Back to: Introduction to R
The diagram shows the natural flow of how we work with data and perform research. We will begin to explore what this means as we continue.
Data Wrangling
Once we have this data we find that very rarely is it ever in a useful form. In fact Dasau and Johnson suggest that this data preparation of cleaning may take up to 80% of the time.
This is where R has great power and by the end of this course you will be able to work with multiple data sources and wrangle data like a pro.
Importing Data
When it comes to importing your data R is very powerful. R can grab data from many courses including
.csv, .txt. .xls, ….
SPSS, SAS, Stata
Web Scraping
Databases
MySQL
Oracle
PostgreSQL
MongoDB
Tidying Data
Tidying Data is the process in making data useful. In this concept we have ecah column of data represent a variable and each row of data represents a single observation. This format is quite useful for data analysis. In this course we will rely heavily on the tidyr
package.
Transforming Data
Once we have data into R and begin to tidy the data we usually need to transform multiple aspects of the data. R has many tools that allow a user to manipulate and transform data.

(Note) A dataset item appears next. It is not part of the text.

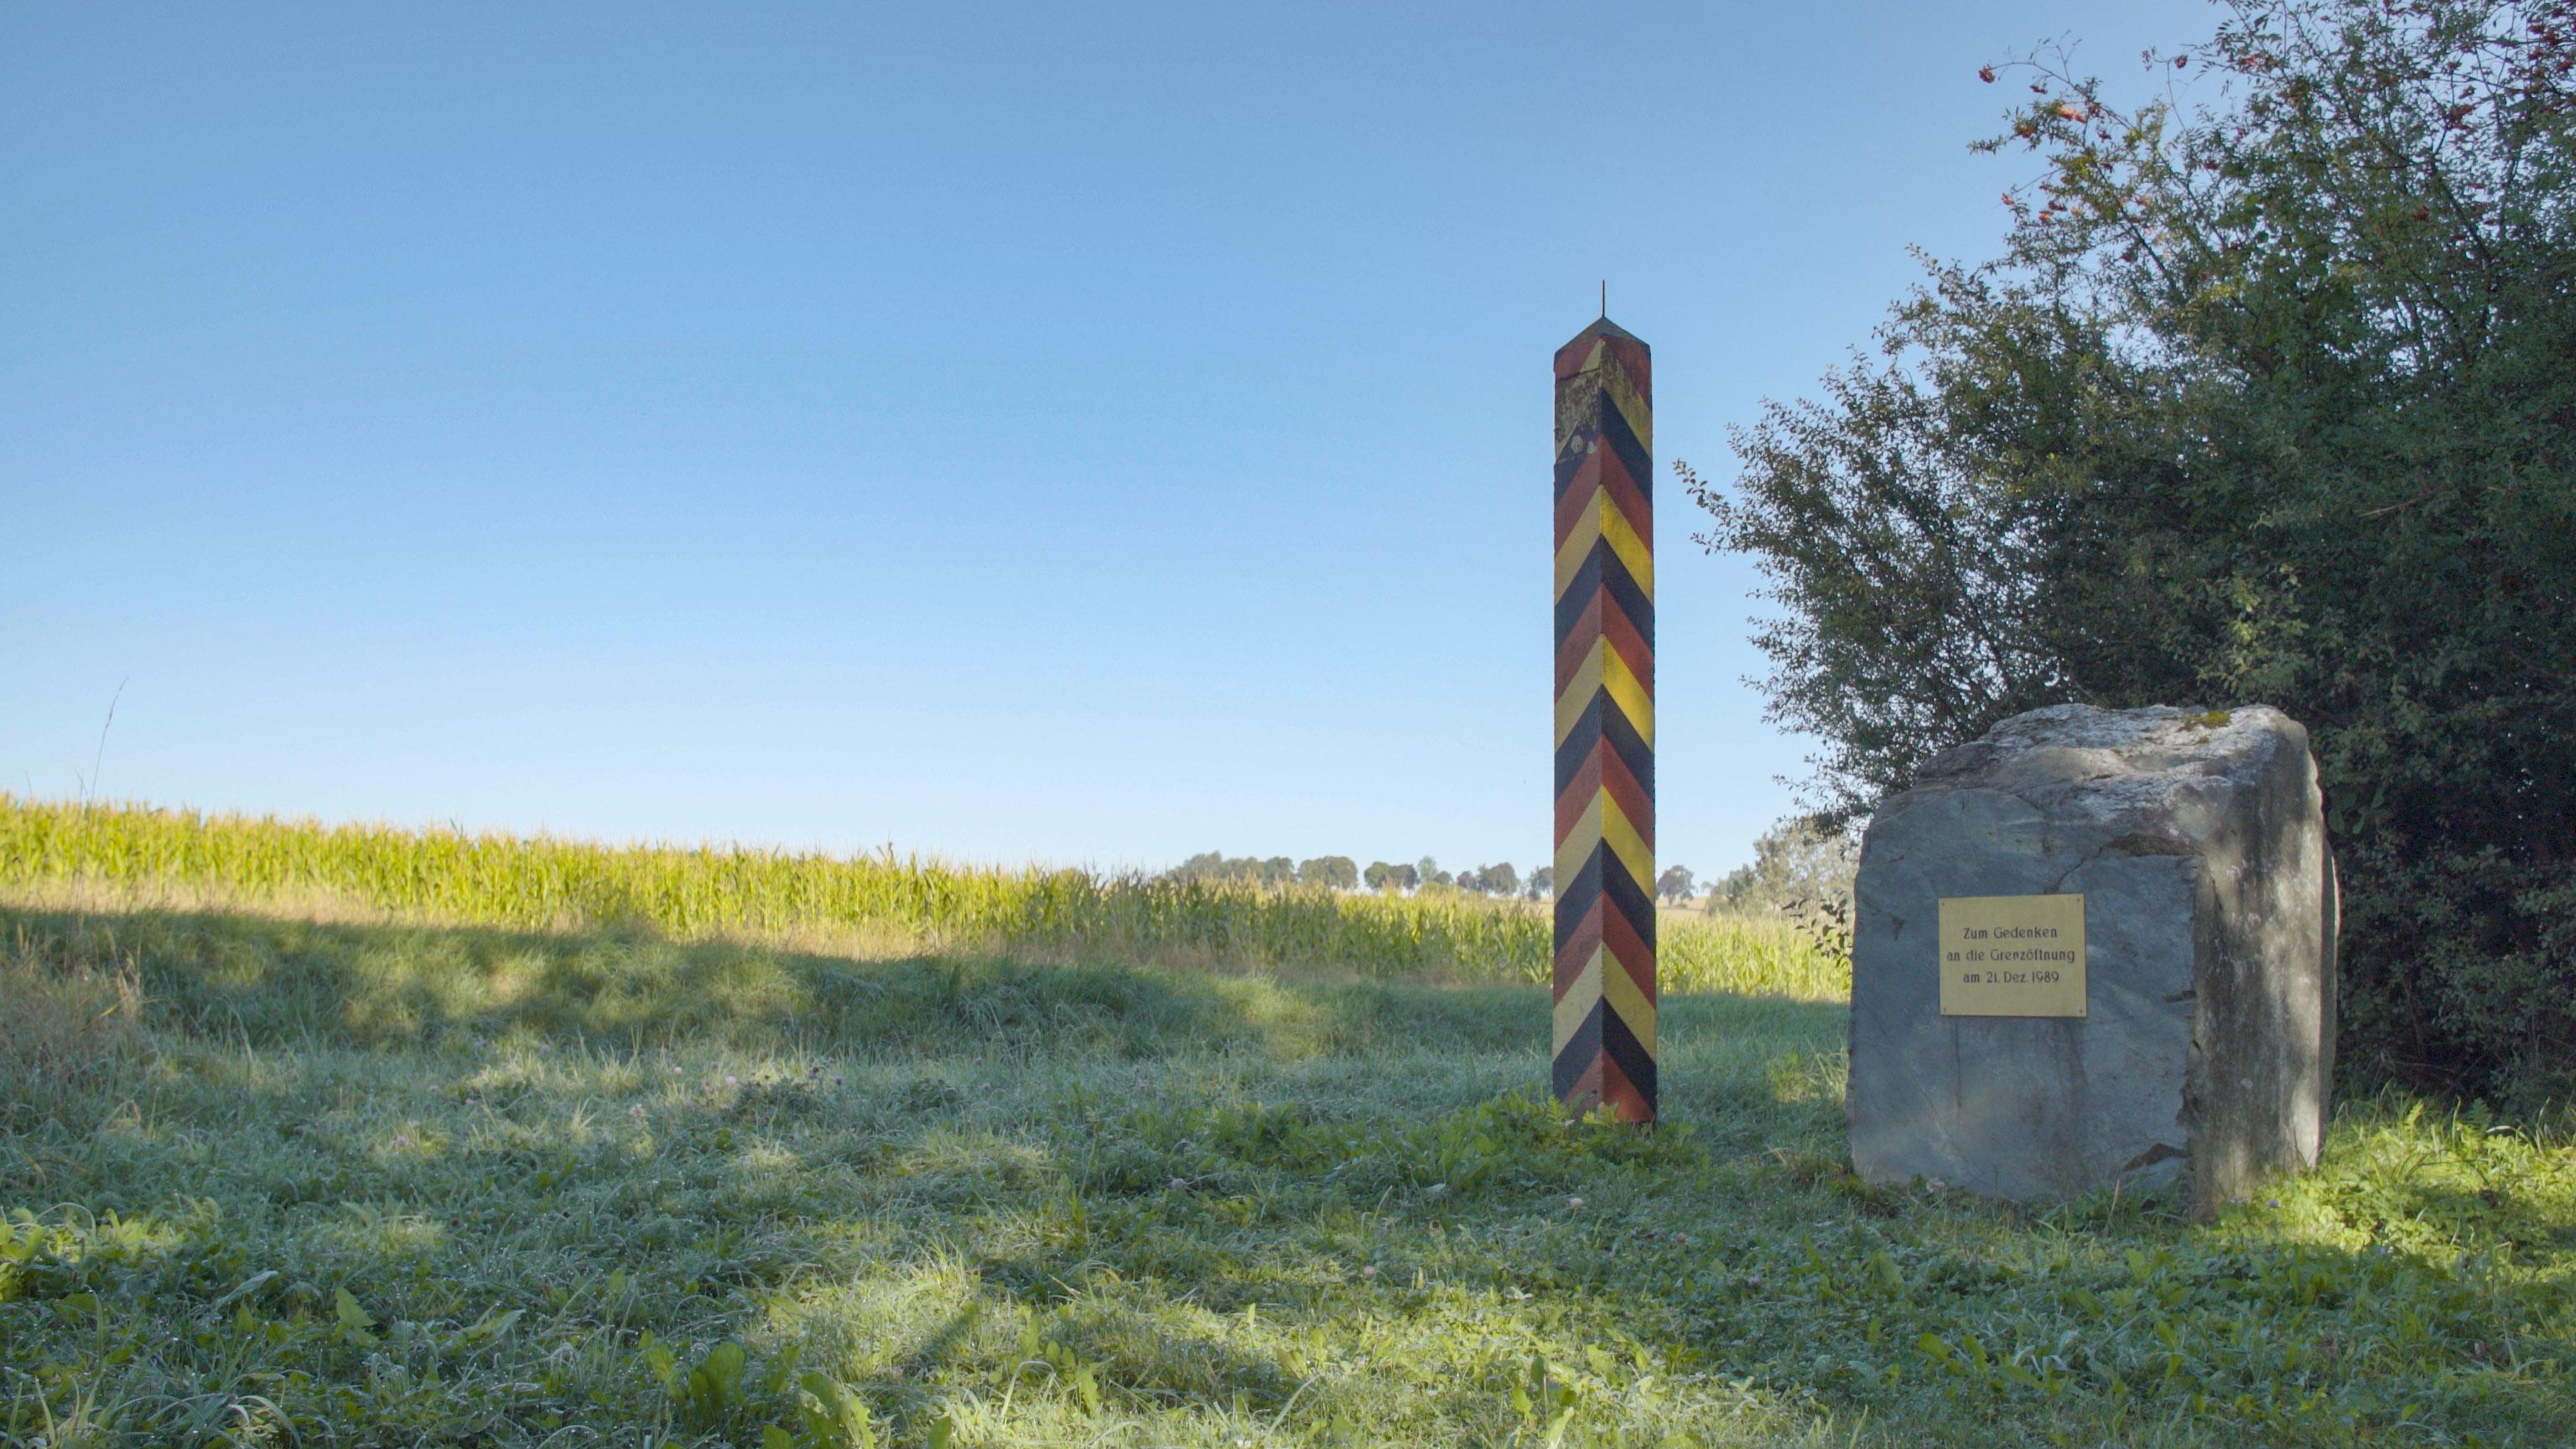 Green Belt border post - long distance hiking - hiking trails Germany - hiking in Germany - top trails in Germany

Data Exploration and Analysis
Visualizing Data
There are multiple ways to vizualize data in R. The base graphics are easy to use and outperform Stata, SAS and SPSS. In this course we will focus on using the ggplot2 package. This package is actually a language for grahpics and once a user becomes proficient you can create grahs like the one shown below which is created by Harvard Institute for Quantitative Social Science. The original plot came from the economist:
Once data has been vizualized it is important to model the data. R can handle anything from a simple t-test to the working with data that is overa terrabyte in size.
Data Collaboration and Publishing
RStudio
connects easily to:
shiny
provides an interactive data visualization and java script environment.
plotly
allows for interactive graphics for webpages.
RStudio
can make webpages, books, slides, and many other documents that can help relay data. (In fact this course was entirely built in RStudio using Github).